Couple Aurora serverless with Lambda and you have a truly serverless application that is extremely cost effective and is capable of handling any incoming load on it's own. However you need to understand that there are quite a few drawbacks currently which might not make using Aurora serverless quite feasible for your production workloads. Like for instance

  • The cluster needs to inside a VPC and accessibility is limited to only those resources which are part of the VPC. So doing anything with it outside the VPC is a no-go.
  • Aurora will send the cluster into a kind of a 'sleep' state if it remains idle for more than 5 minutes(5 minutes being the lowest value you can choose until which the cluster can go into this paused state). This means that if you have a web application which is idle at most times, you can expect a delay of 30 seconds when the application is invoked after such period. You can turn off this pausing feature altogether too but doing so would just keep the cluster running at all times even when it isn't required. So then how is this serverless cluster different from a regular db instance?

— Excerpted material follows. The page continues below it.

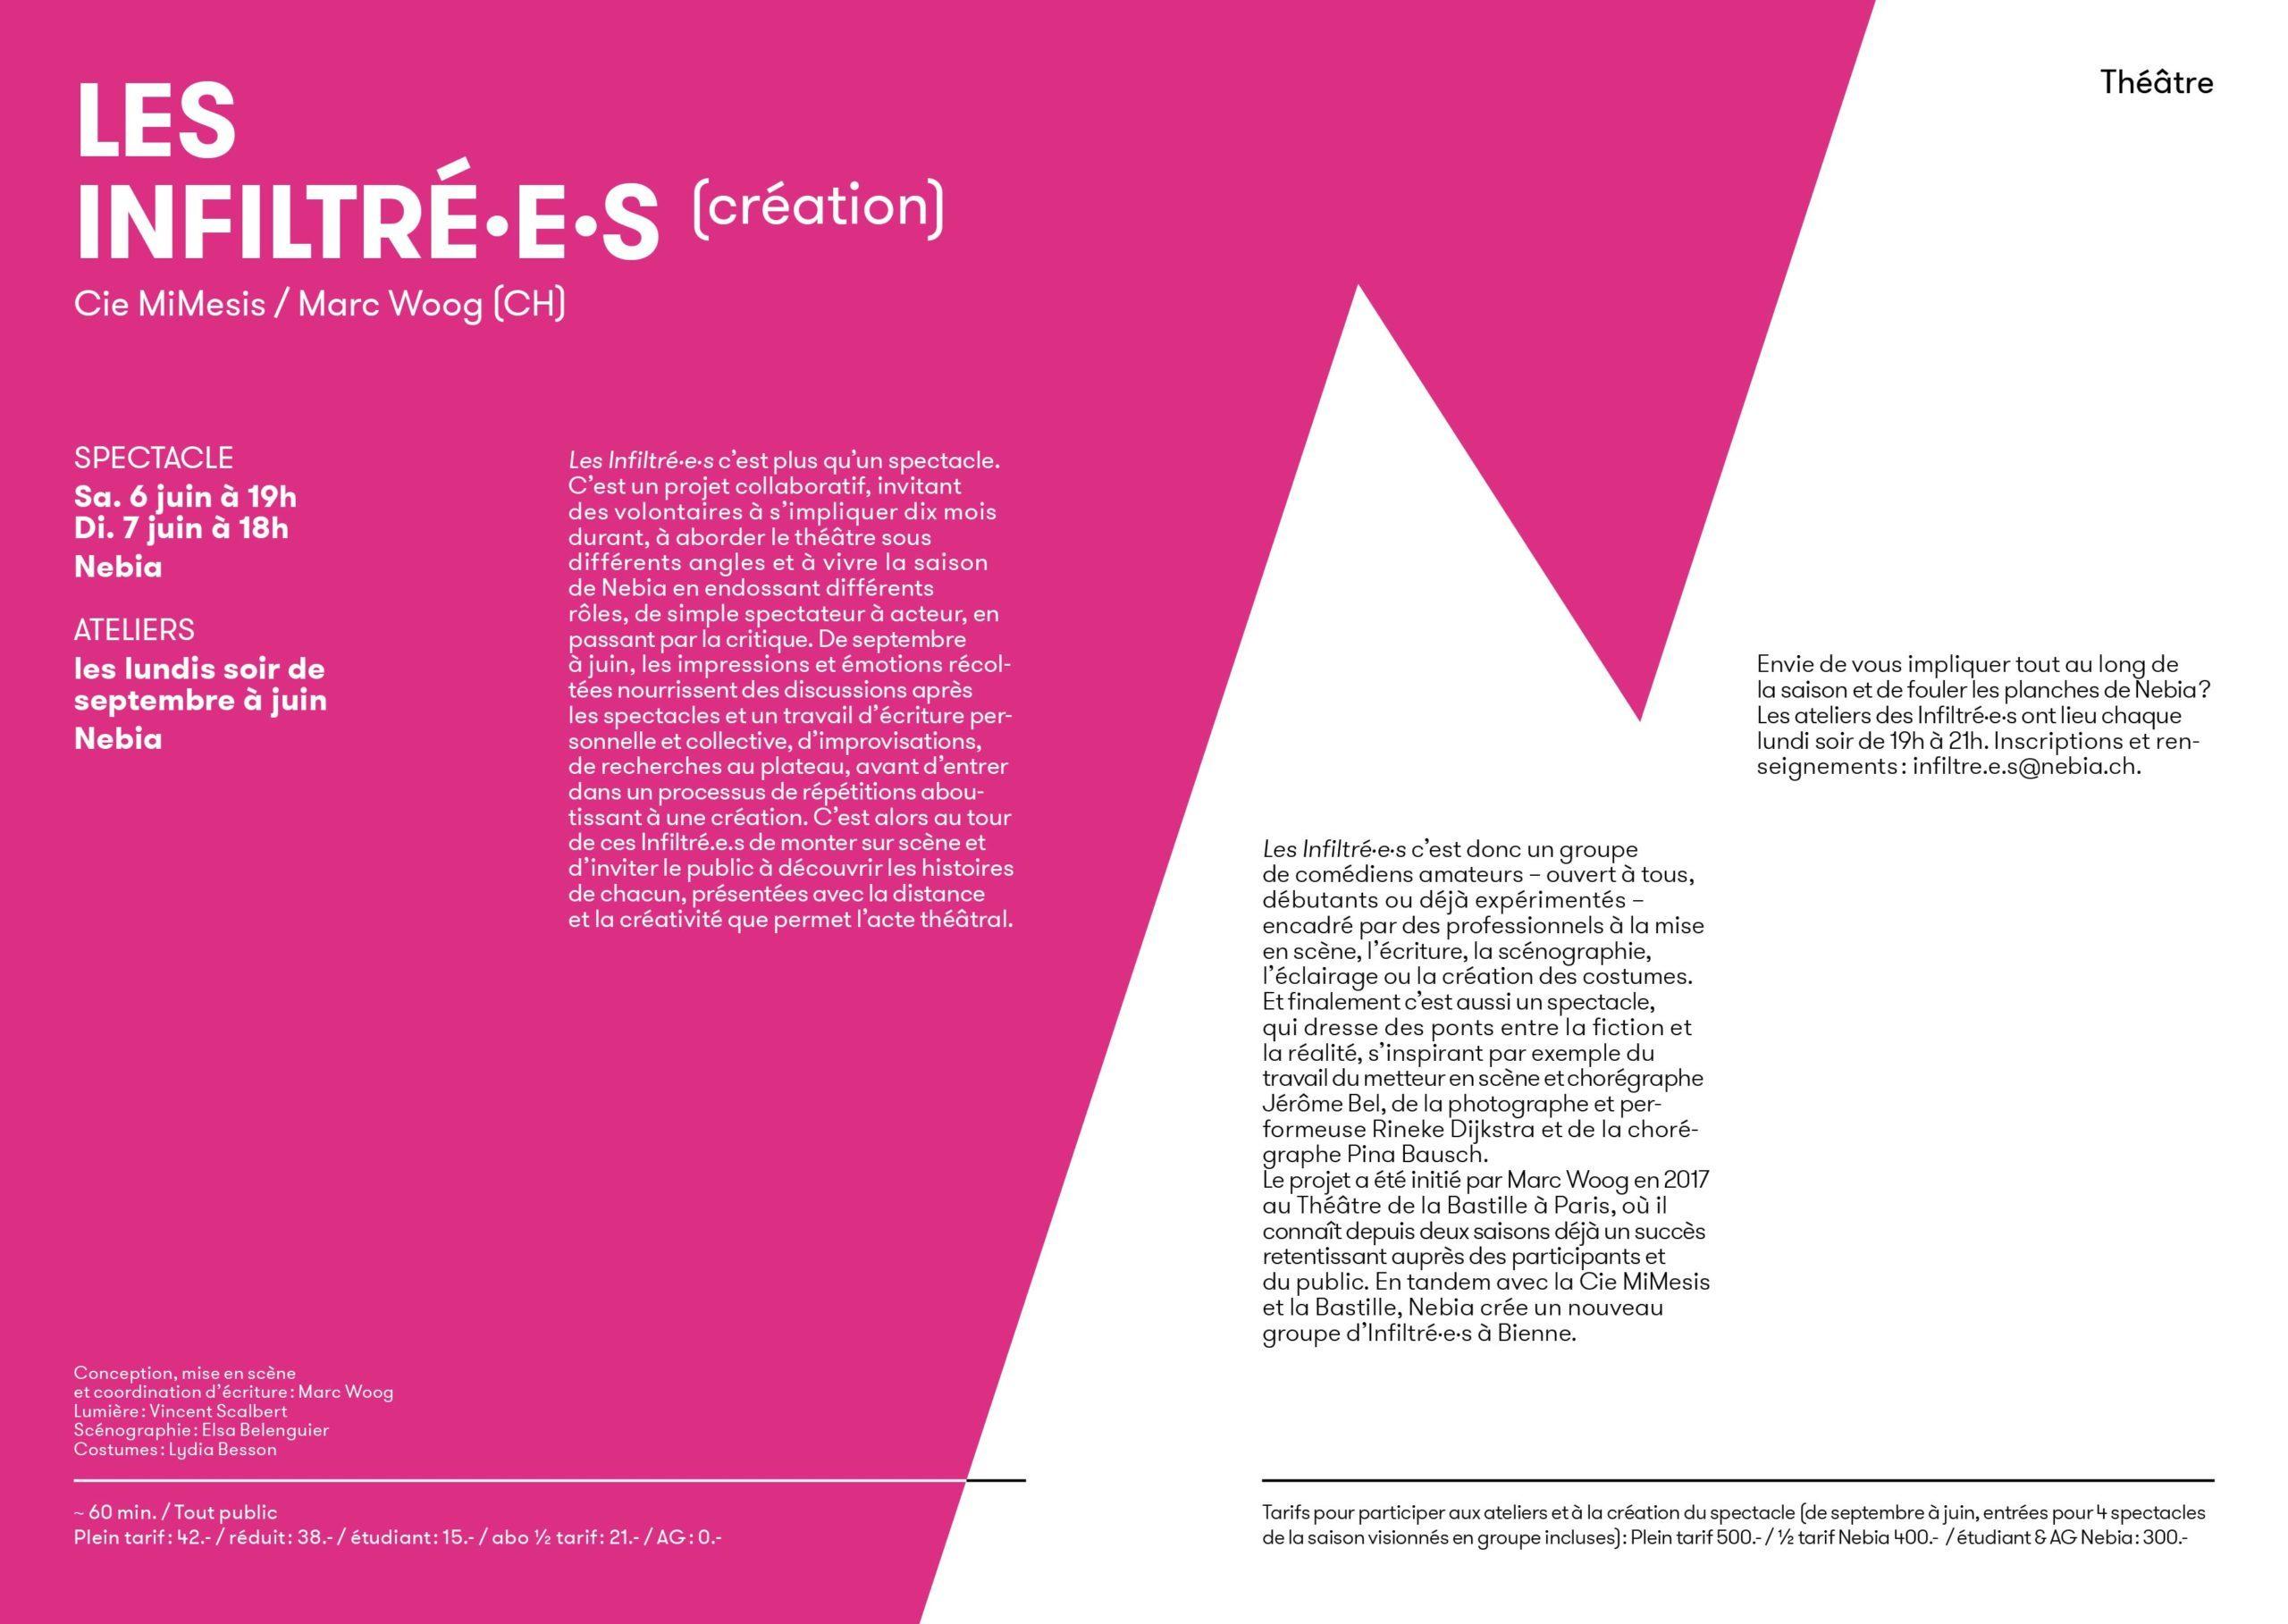 Les-Infiltrees-Cie-Mimesis-Marc-Woog-theatre-atelier-nebia-bienne

For enterprises, Aurora would work best for development purposes as you only need the instance to run during tests. They would also be suited for infrequently accessed internal systems that can tolerate latency in performance. Both cases will lead to cost savings that will be evident from day one. However, for adoption in production use, AWS would have to come with a way of tackling cold starts as they are quite significant. At the time of writing this, Aurora Serverless is available for 14 regions across the AWS realm, more regions soon to come. You can expect Aurora serverless for PostgreSQL in the near future too.